Work request:
The full listing, written out exactly and without images, is the expected result.

START Input data

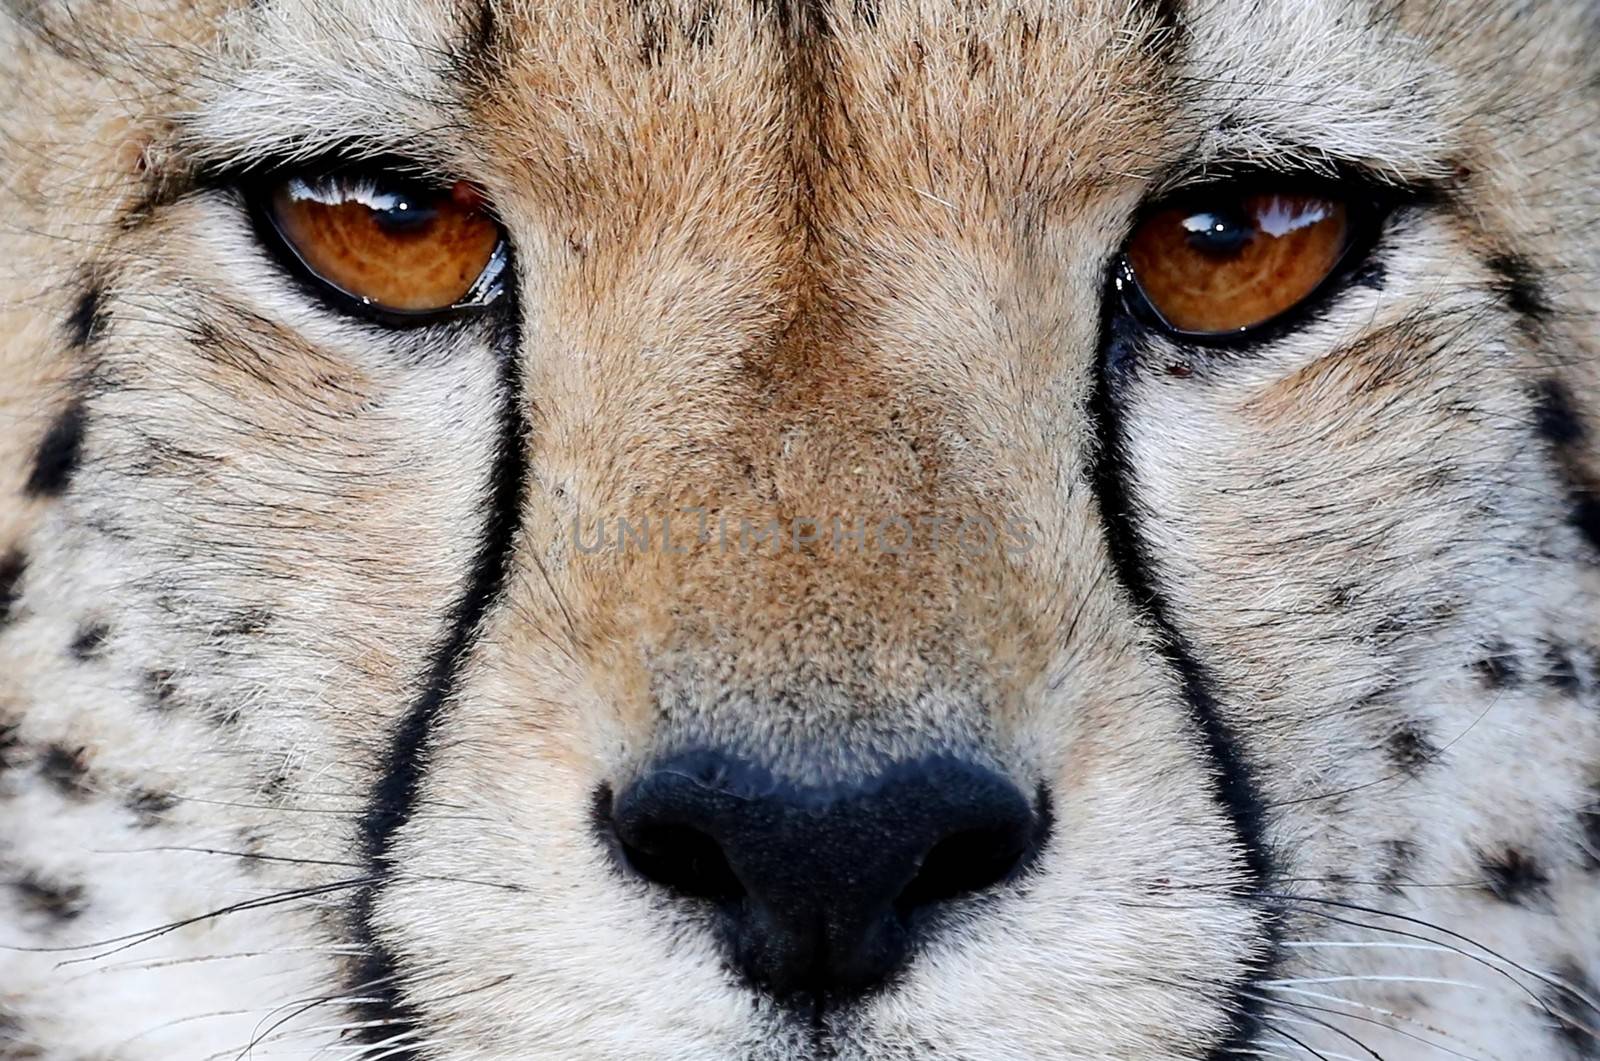 Close up of a Cheetah wild cat's striking brown eyes and black nose
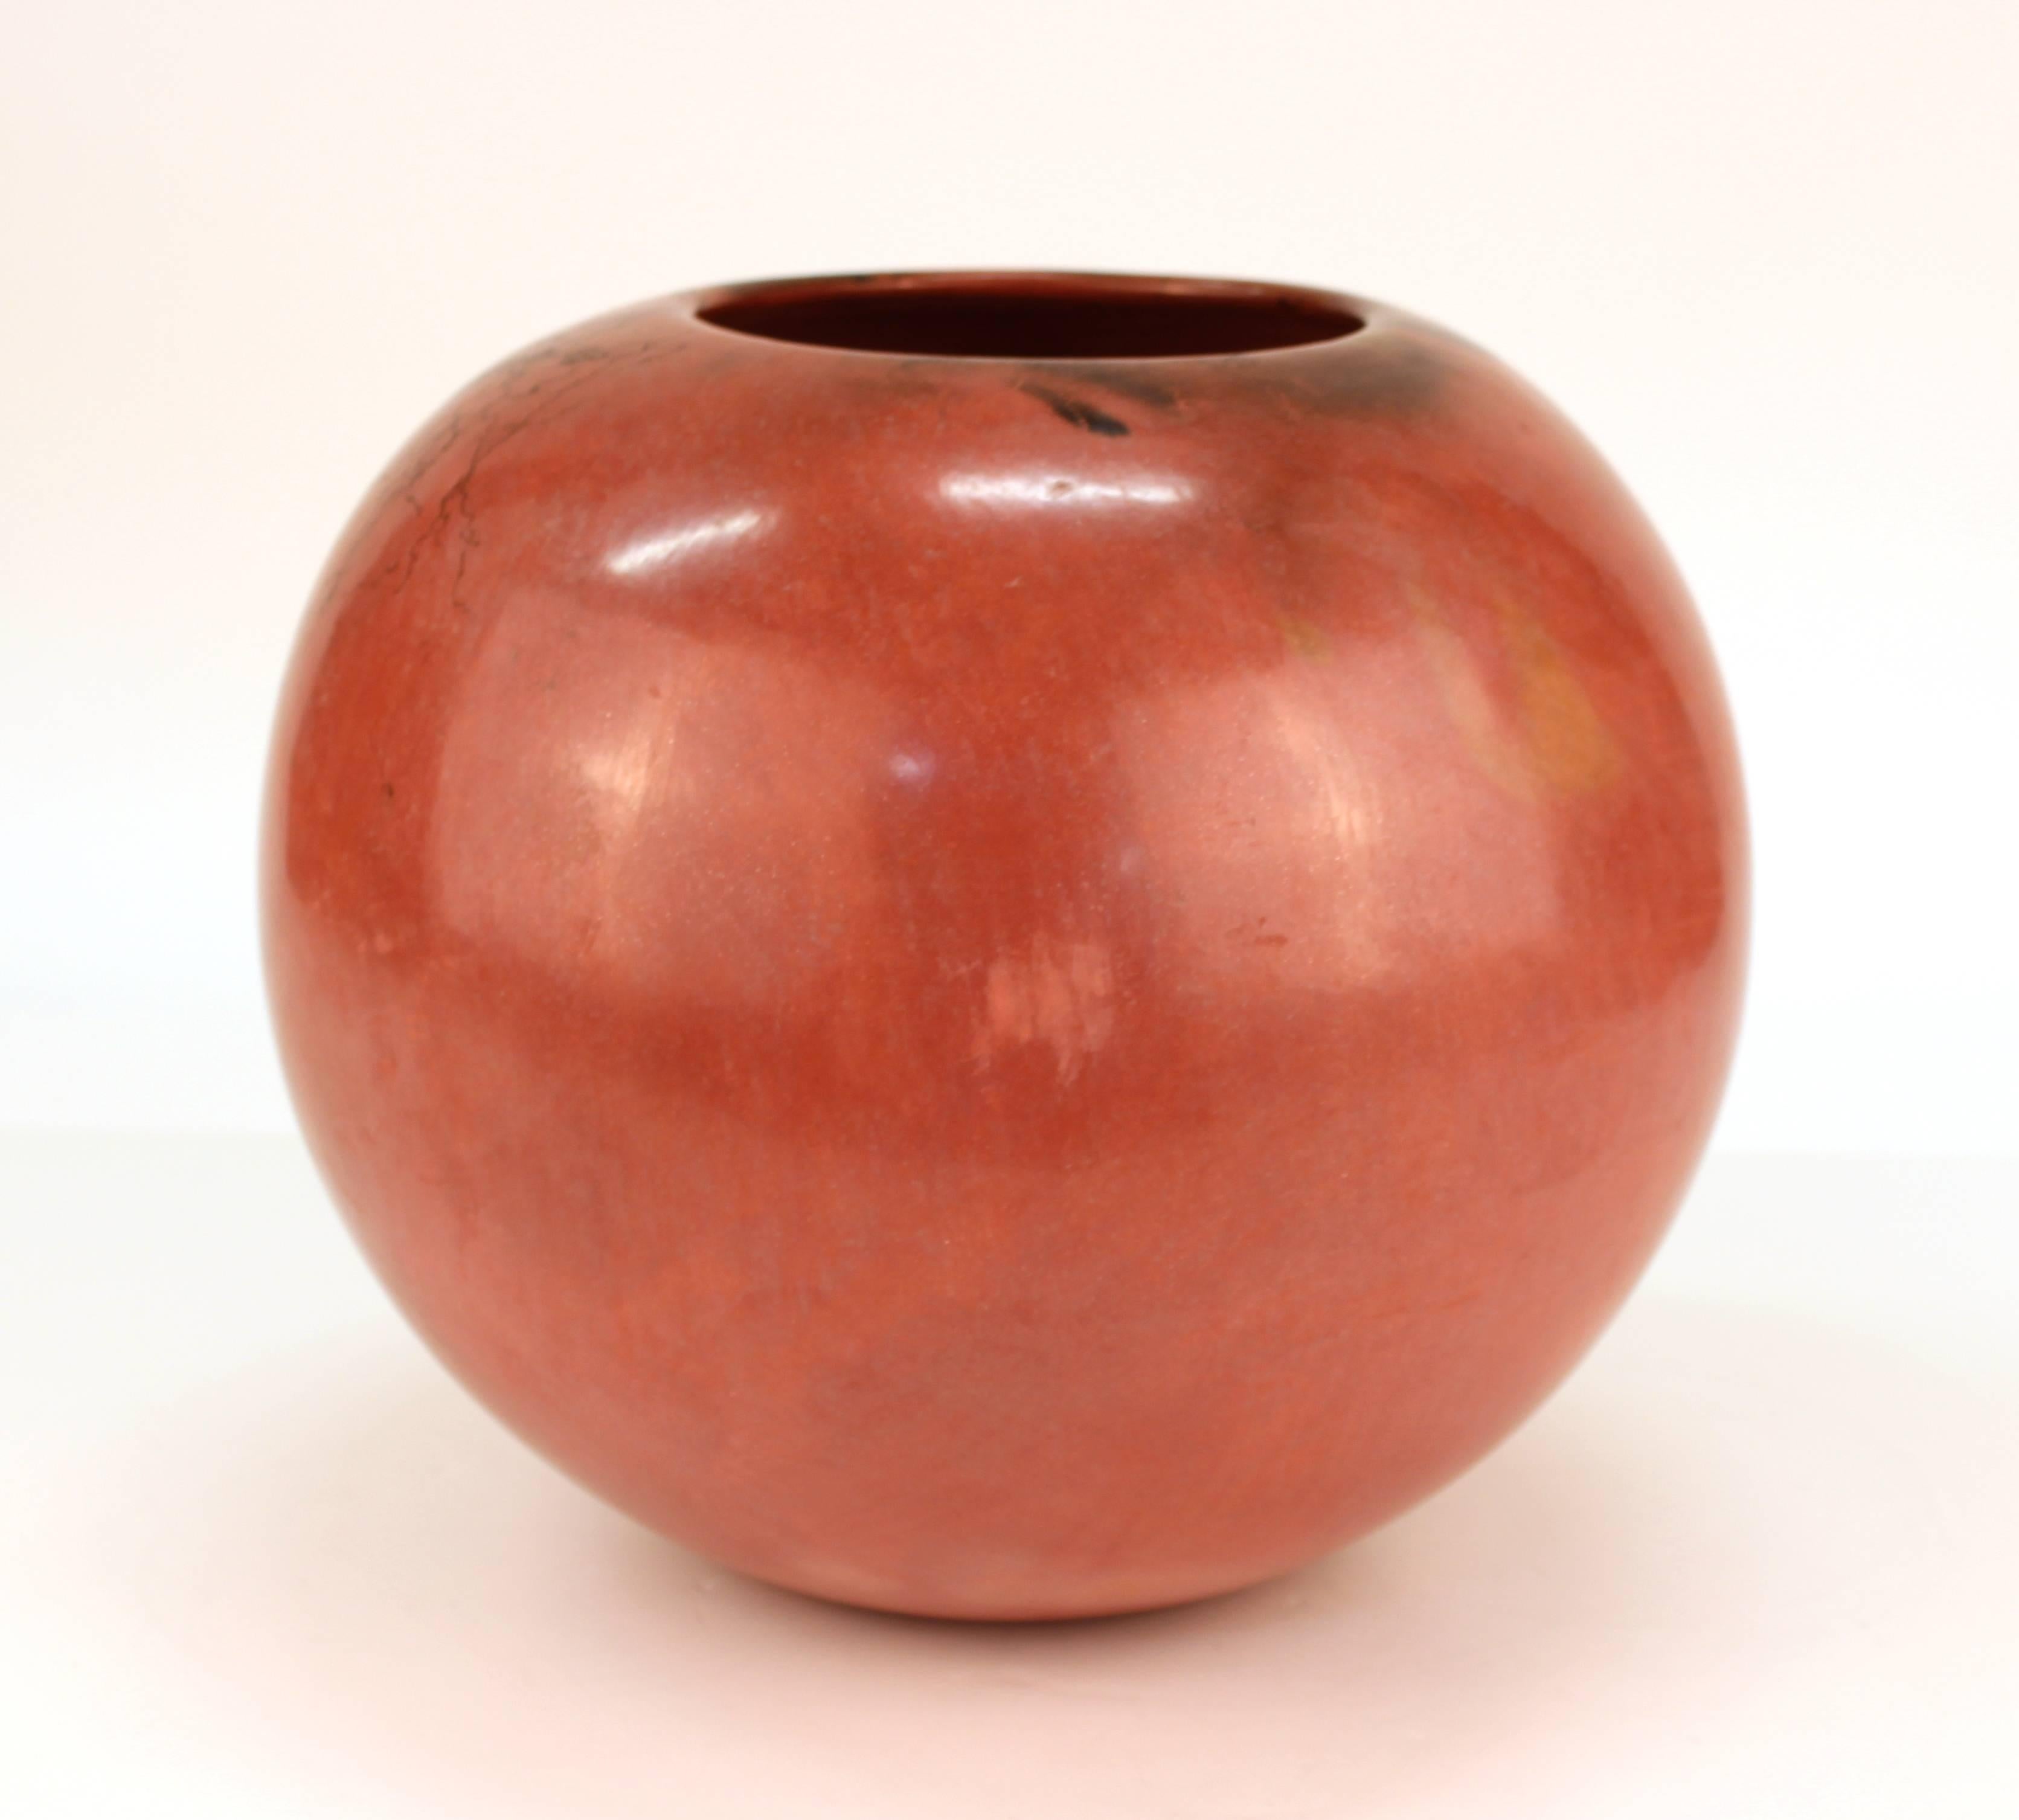 Modern Mary Witkop New Mexico Pueblo Pottery Vessel in Pomegranate Red
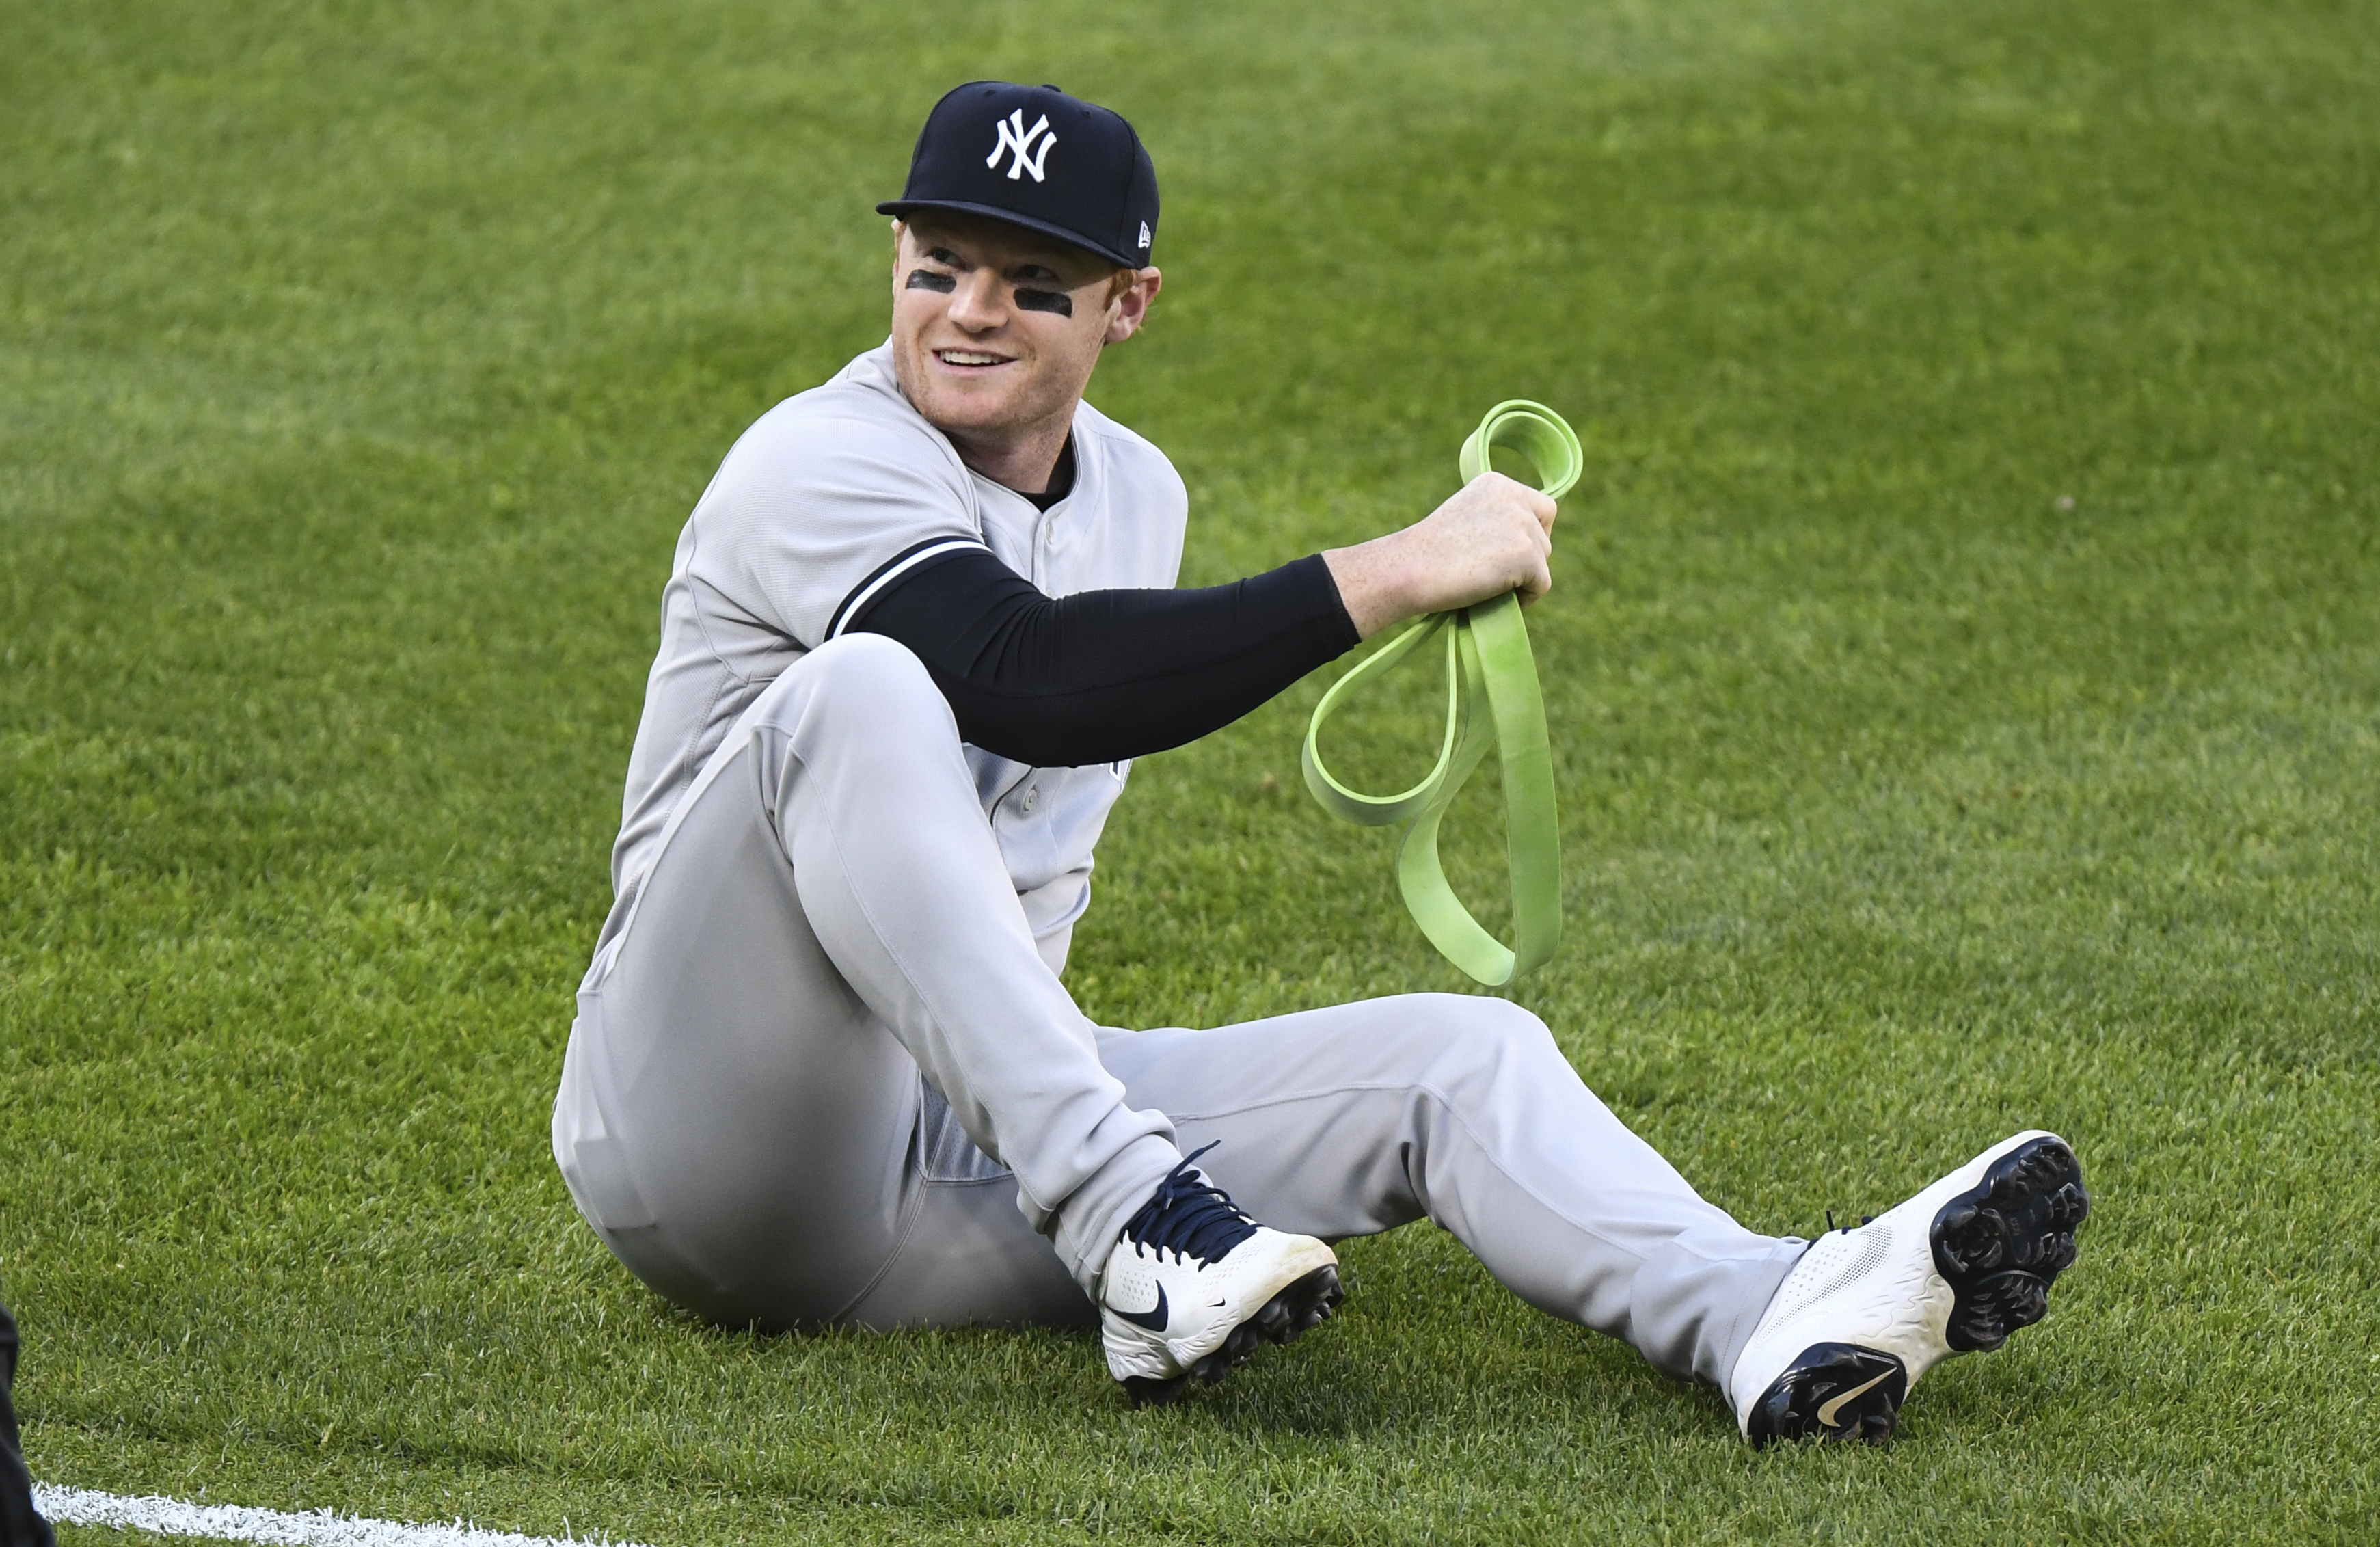 Clint Frazier's health issues continue

END Input data

Task answer:
 Close up of a Cheetah wild cat's striking brown eyes and black nose
 Modern Mary Witkop New Mexico Pueblo Pottery Vessel in Pomegranate Red
 Clint Frazier's health issues continue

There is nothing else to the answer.